No ha desaparecido el concepto de soberanía de los Estados-Nación, aunque todos marchan a ser eventos conmemorativos, cuasi vacíos, que cada vez significan un lazo más débil de identidad comunitaria, medidos ante otras conmemoraciones de identidad más fuertes, las del fútbol global o el de las guerras comerciales, que lógicamente tienen su arduo sentido en proyecciones fantasmales del viejo estado nación. Pero ahora ceñidos por bloques cuyo pensamiento épico se refiere casi únicamente a lograr mejores ensambles para las tecnologías del “individuo en la red” y consiguientemente las acciones sobre tarifas, impuestos, tasas, cotizaciones a futuro, todo el implemento financiero capitalista recubriendo el viejo estatuto de las “economías con ventajas comparativas”, tal como se decía, vino por herramientas, o soja por software.

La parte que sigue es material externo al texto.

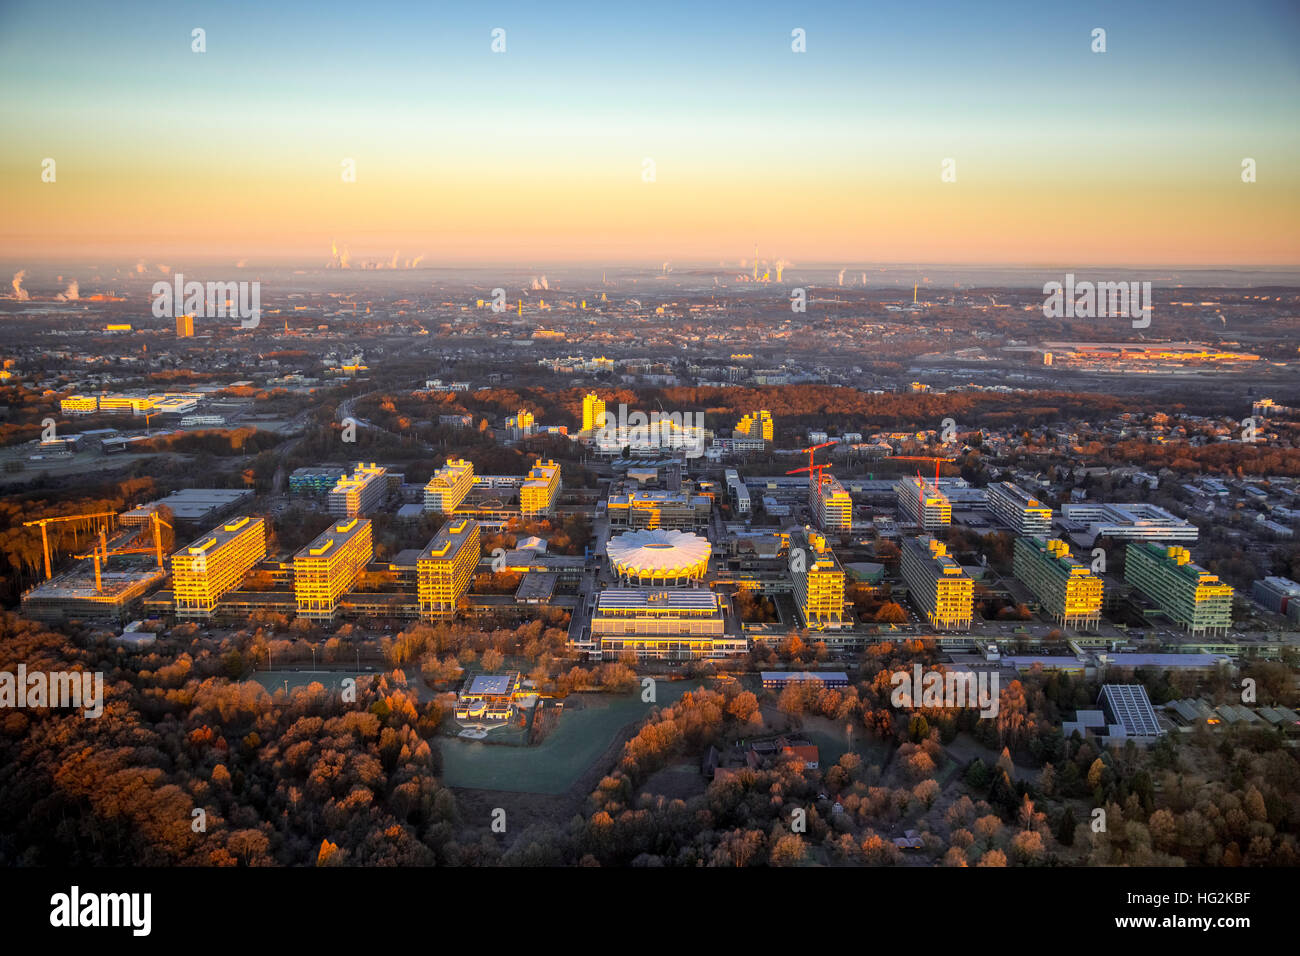 Aerial, Sunrise at RUB Ruhr University Bochum, Bochum, Ruhr aeria, north rhine-westphalia, Germany, Europe, Aerial - Stock Image
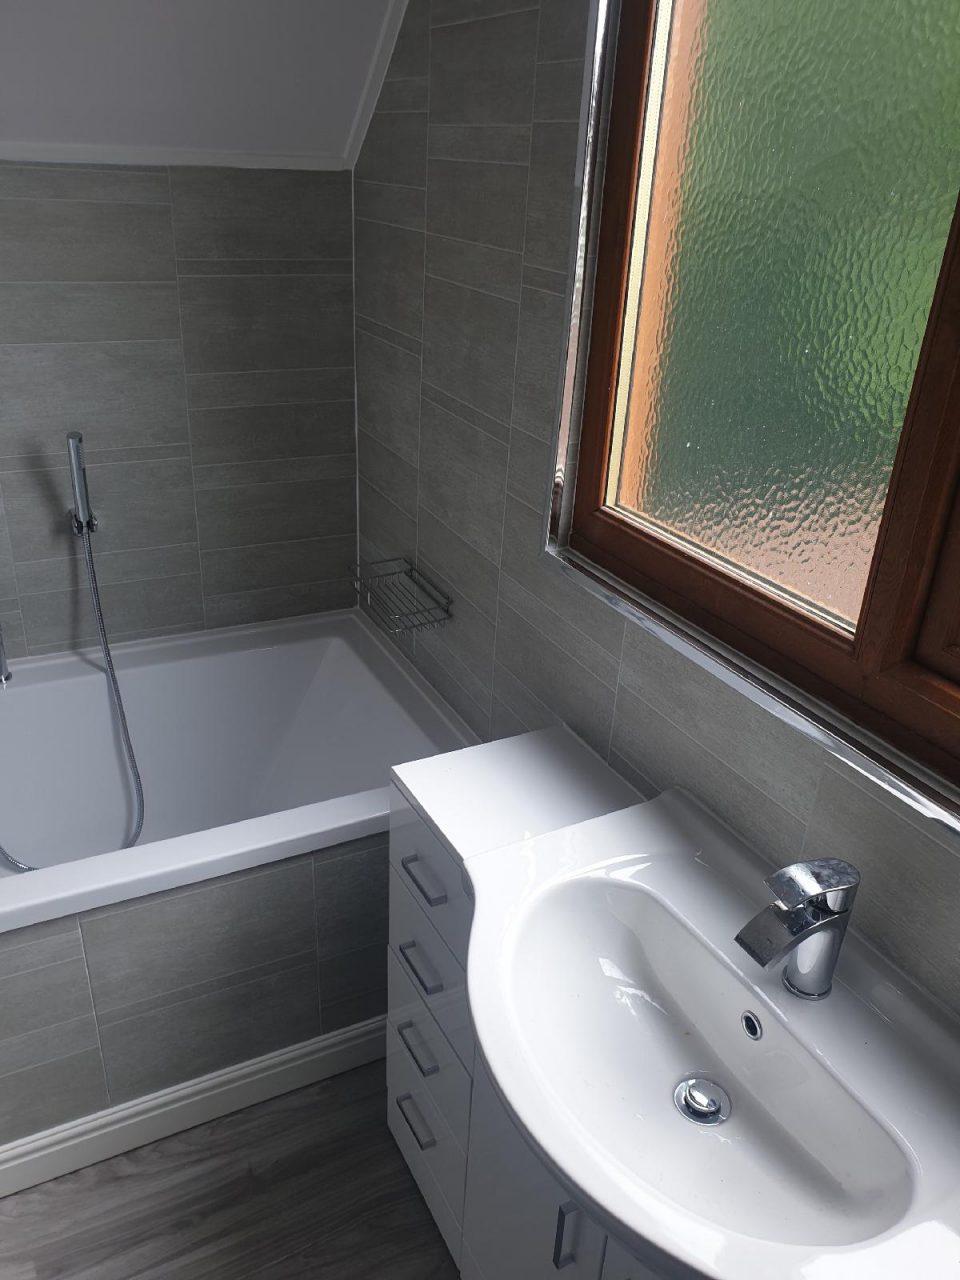 New Bathroom Mrs Wootton in Birmingham Sink Built into Unit

¿Cambió la situación respecto a los imperios del siglo XIX, donde las guerras eran también por territorios y materias primas? Decirlo así es simplificar un poco, pues siempre hubo una literatura que promovió la superioridad cultural o racial como horizonte de legitimidad para dominar, y de ahí, tendía un sórdido pretexto en dirección a la educación. La dominación creaba una pedagogía para nativos iletrados y los hacía entrar en el mundo de los símbolos, como episódicamente podía mostrarse con algún esclavo negro que educado por sus patrones terratenientes, terminaba escribiendo poemas a la manera de Baudelaire. El Inca Garcilaso, de todos modos, es el mayor y el más complejo de los ejemplos donde el conquistado se pone en igualdad de condiciones ante símbolos del conquistador, para refrendarlo y demuestra que éste fue eficaz, de persona a persona. En estos momentos, al igual que durante todo el siglo XIX, las guerras utilizan instrumentos financieros, comerciales, políticos, ideológicos, por lo que el concepto de guerra, sin excluir a los ejércitos y los armamentos conocidos, pasa a situarse más lejos de los acorazados que de la tecnología de la imagen, más cerca de la manipulación de las reglas aduaneras que de los misiles. Claro que éstos son la moneda en última instancia. No llama la atención que siempre exista un Fort Knox (escuela de tanquistas y acumulación de oro), pero la mundialización en curso, con su filosofías antiesencialistas y antisustancialistas (muy pobres si no se las justifica con más recursos conceptuales que los que hoy disponen las academias universitarias), crean sus propios artefactos de balance de poder, a través de tecnologías de usos múltiples, que tanto guían armas teledirigidas como controlan orientaciones del mercado y calculan el itinerario futuro de las tasa de interés.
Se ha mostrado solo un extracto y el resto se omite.